Files
git-law/generate_git_plan.py

735 lines
30 KiB
Python

#!/usr/bin/env python3
"""
USC Git Blame Commit Plan Generator
Analyzes migrated data to create intelligent incremental git commit plans:
1. Compares USC releases to identify section-level changes
2. Maps changes to specific public laws and sponsors
3. Generates optimized commit sequences for proper git blame
4. Creates comprehensive commit plans with rich attribution
5. Validates chronological ordering and conflict resolution
Architecture: Download → Cache → Migrate → **Plan** → Build
This script handles the third step: intelligent git commit planning.
"""
import json
from pathlib import Path
from datetime import datetime, date
from typing import Dict, List, Optional, Tuple, Any
from dataclasses import dataclass
import logging
import difflib
from collections import defaultdict
import hashlib
# Import our models and datastore
from models import Sponsor
from datastore import USCodeDataStore
# Configure logging
logs_dir = Path('logs')
logs_dir.mkdir(exist_ok=True)
logging.basicConfig(
level=logging.INFO,
format='%(asctime)s - %(name)s - %(levelname)s - %(message)s',
handlers=[
logging.FileHandler(logs_dir / 'generate_git_plan.log'),
logging.StreamHandler()
]
)
logger = logging.getLogger(__name__)
@dataclass
class SectionChange:
"""Represents a change to a USC section between releases"""

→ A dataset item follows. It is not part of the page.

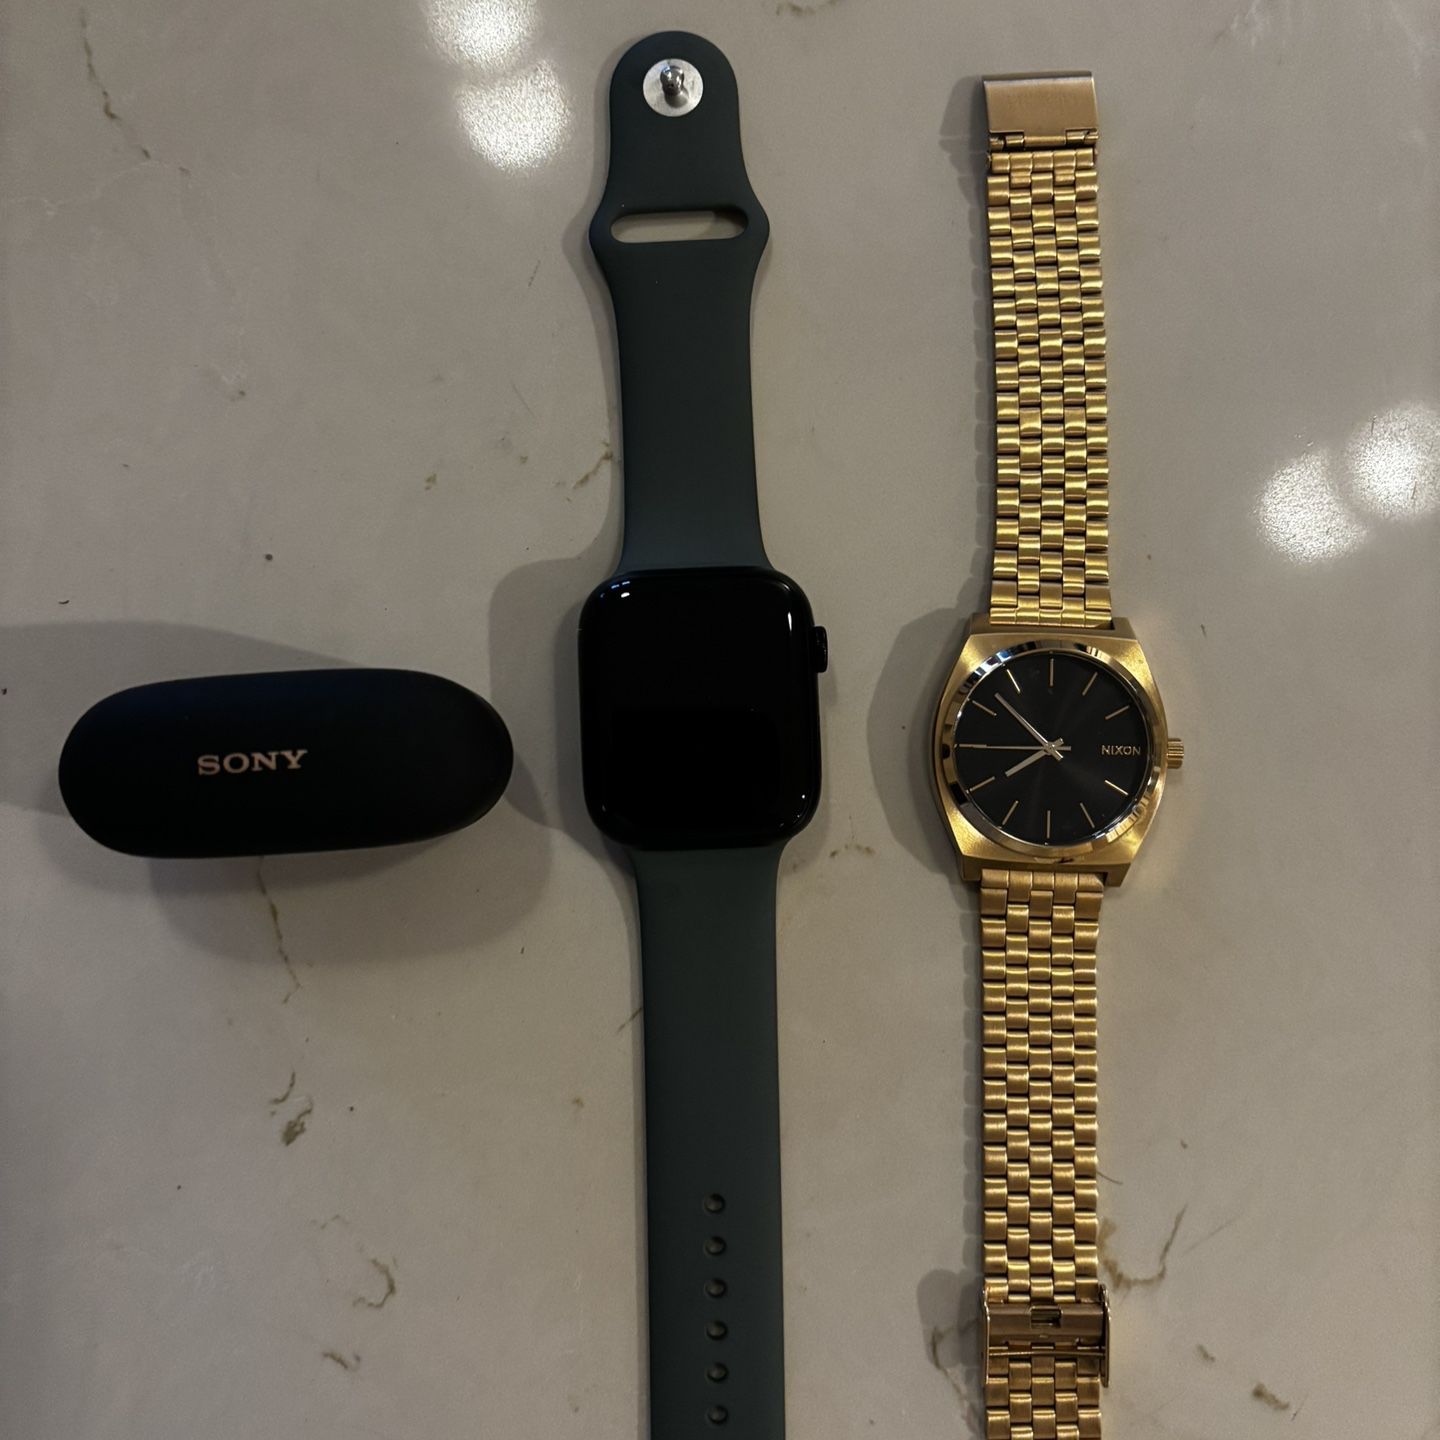 Apple Watch Series 8, Nixon Watch, Sony Ear Bud Combo

section_id: str # "42-6A-280g-15"
file_path: str # "Title-42/Chapter-06A/Section-280g-15.md"
change_type: str # "added", "modified", "deleted"
old_content: Optional[str] # Previous content (None for added)
new_content: Optional[str] # New content (None for deleted)
diff_lines: List[str] # Unified diff output
confidence: float # Confidence this change maps to the public law (0-1)
@property
def content_hash(self) -> str:
"""Generate hash of new content for deduplication"""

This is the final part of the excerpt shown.